The Hyde make-up and prosthetics took about an hour to apply and half an hour to remove: "We got it down to a fine art. I'm someone who's dreadful in make-up.

 

"I have three older sisters who, when we were children, used to hold me down on a bad day and put make-up all over me, so I've had an aversion to it all my life and hate sitting down in the make-up chair. So, at first, this was torture for me, but Irene, the make-up designer, made it all as painless as she could!"

 

He adds: "I've also been blessed with two fantastic directors on this, Douglas Mackinnon and Matt Lipsey – our collaboration was key. The deterioration of Tom as Hyde gains more strength is very important to chart and chart properly and they really helped me keep tabs on that."

 

The series was shot on location in and around London, from the East End to stately homes, some of which were falling into disrepair: "The scenes we shot in a private zoo were extraordinary. The animals are all in incredible nick.

 

"And what a great scene to do, the contrast of the father Tom seeing his small son in the cage with the lions and what that must do to you as a father, and then Hyde arriving, thinking 'this is great!' and just having a ball!"

 

As for whether he identifies with the characters, Jimmy laughs: "My wife would say I'm more Hyde than Jekyll! Some actors can distance themselves from the parts they play, but I fall into the category who use bits of themselves.

 

"To tell you the truth, I identify with Tom's love for his family, being away a lot of the time. But there are certain elements of me in Hyde as well. Even though Hyde is what we see as the modern personification of evil, there's an intelligence about his humour that I love – he's smart, and I think that's attractive.

 

"There are elements of Hyde that I would love to have in my life; you'd never dare to talk to people in the way he does or move in that way or even think you could possibly get away with some of the stuff that Hyde does – he reads people and situations brilliantly, and I love that."

 

He concludes: "This is a classic tale that people have been transfixed by for 100 years because they are fascinated by the idea of the alter ego, the suppressed dark side.

 

"Jekyll is epic in its scale but of course there is a very human story here as well and it's quite terrifying; about a man who is totally isolated, living away from his family, with a terrible dark secret.

 

"This leads to an incredible amount of tragedy and human pain and it's a question of finding a balance.
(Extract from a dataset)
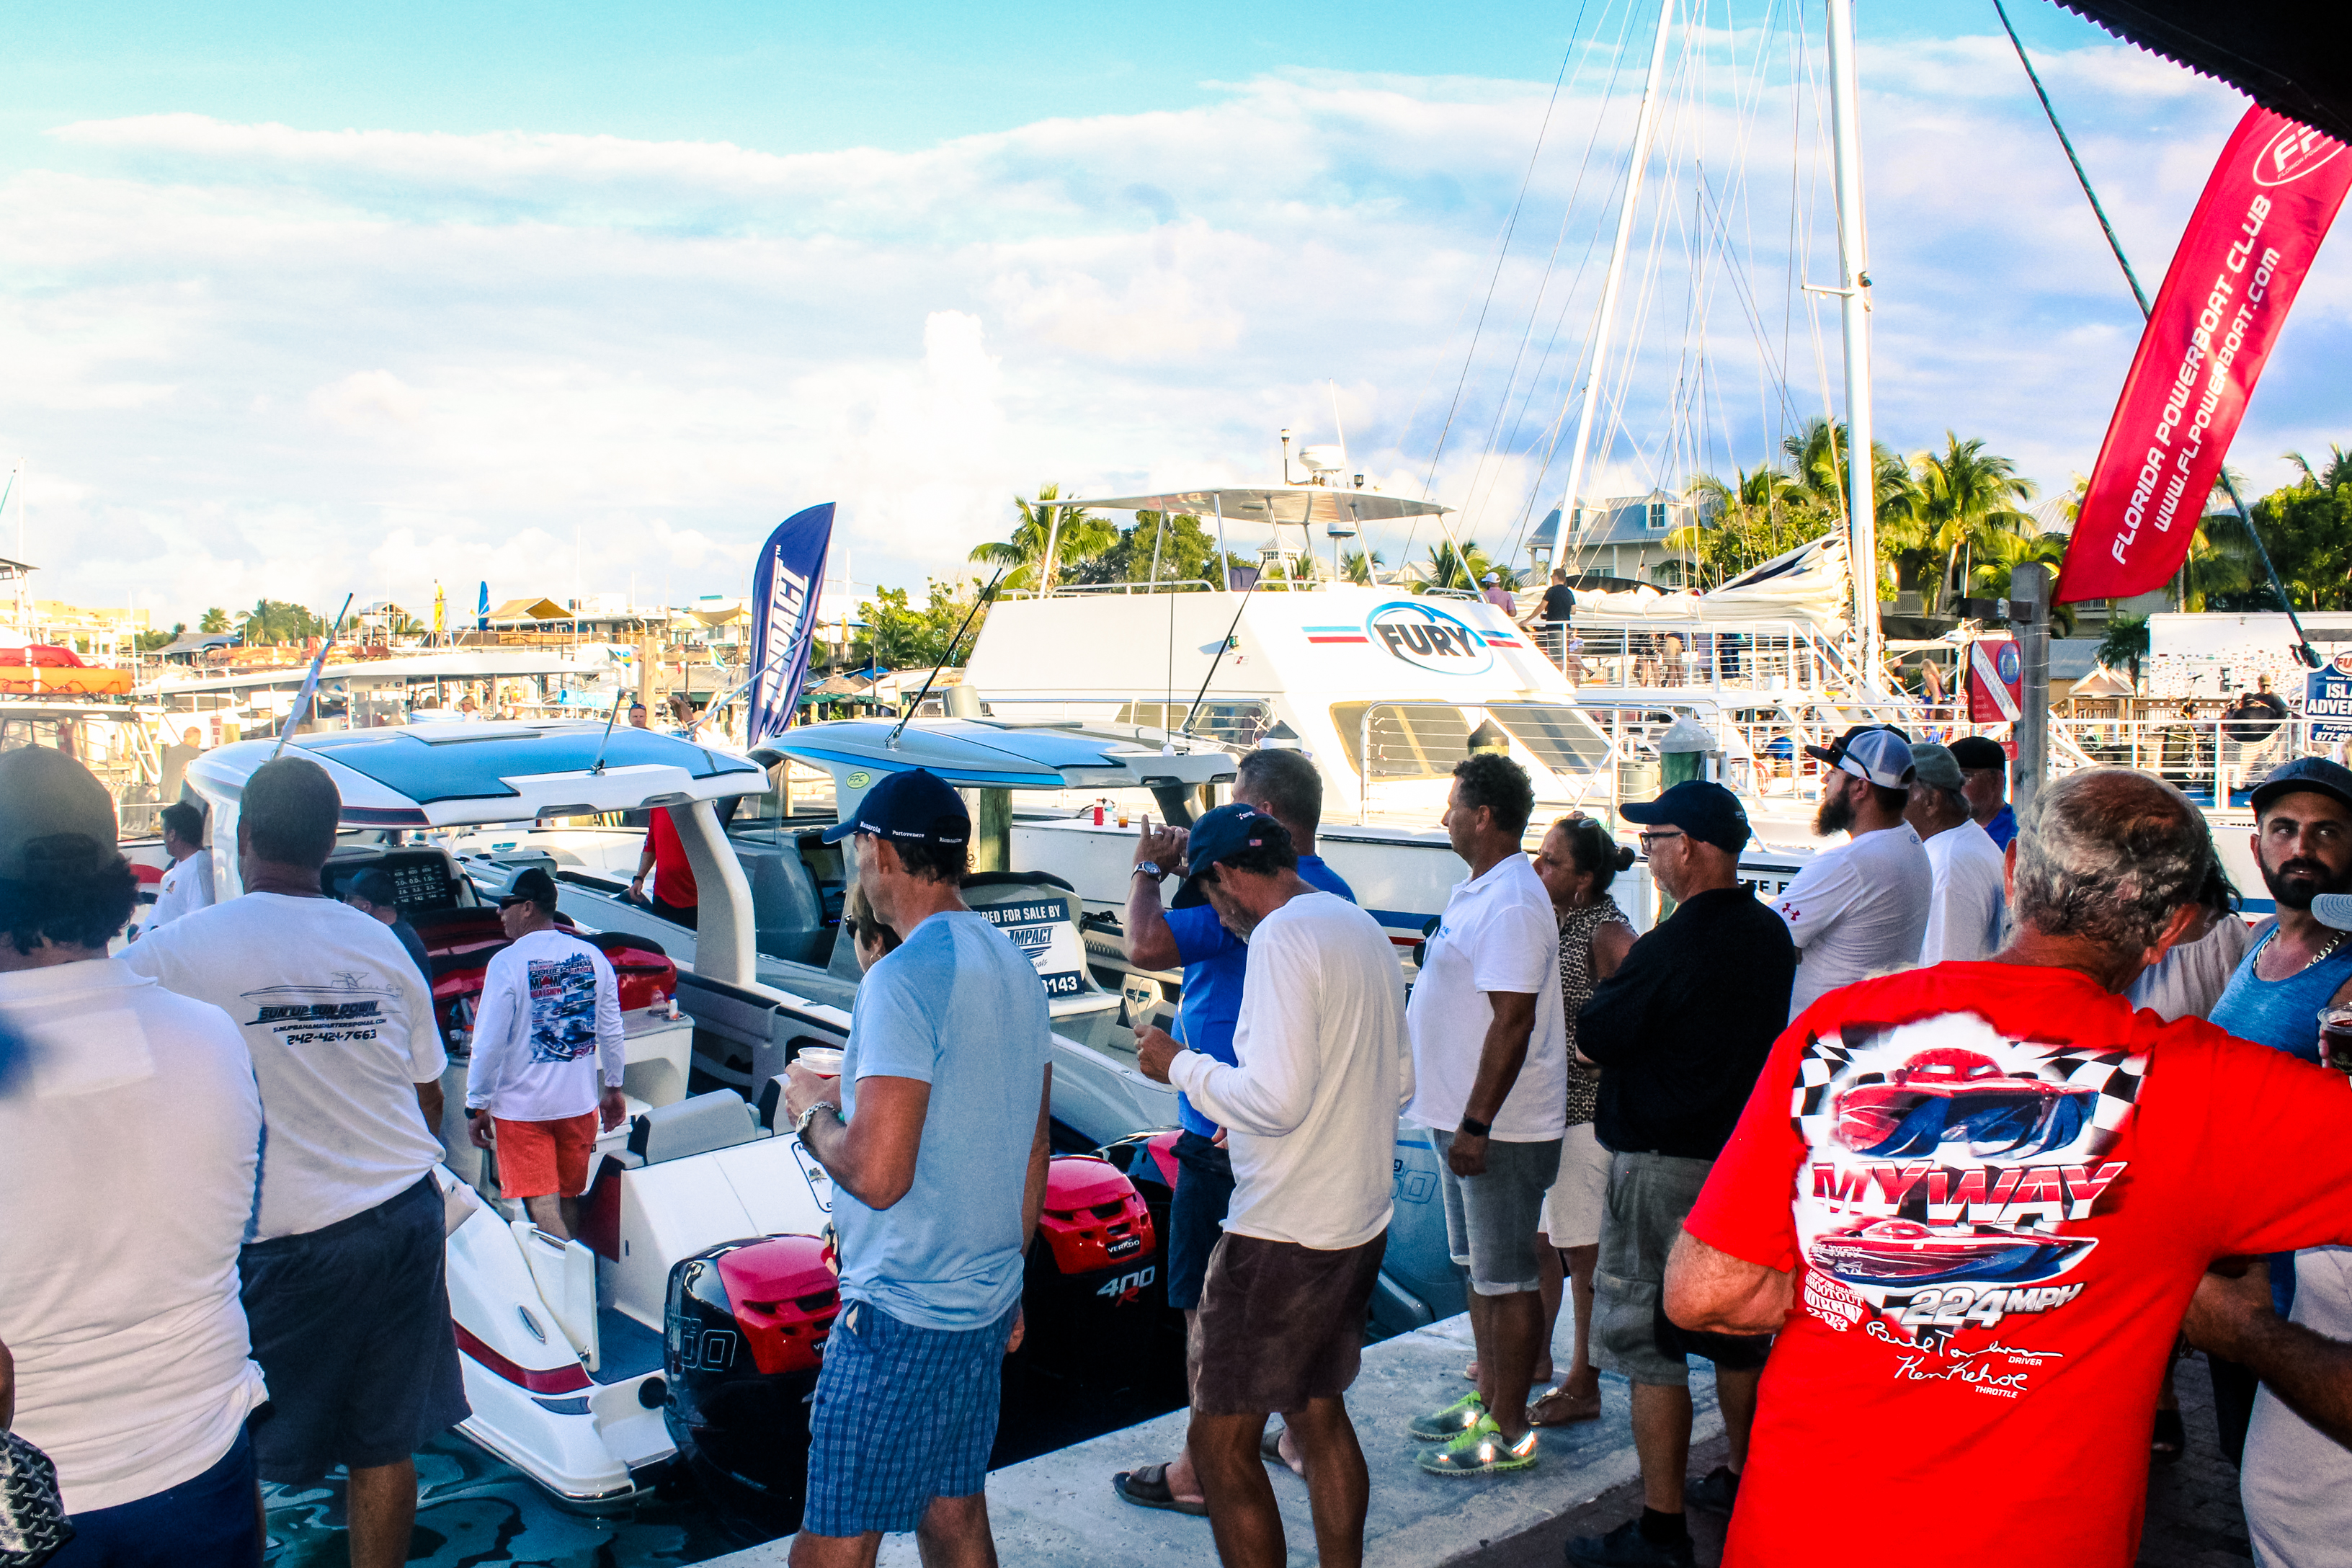 13 conch waterfront.jpg

The drama will only succeed if the audience believes in the characters and has empathy with them, and I think Steven has done that with his writing and although this is an ambitious, crazy project it is fundamentally a human story about love and loss.

 

"I've loved it. It's been a terrifying but incredible journey. It's also been hard work – absolutely shattering. Fourteen weeks of playing two parts. But I'm not complaining as I have had the opportunity that any actor would kill for.

 

"I can't stress enough how much I have enjoyed working with Beryl and Hartswood, and with Denis, Michelle, Gina, Meera and all the cast. We've all really enjoyed it too – it's a great project with great people and I can't imagine a world in which I wouldn't want to do another series."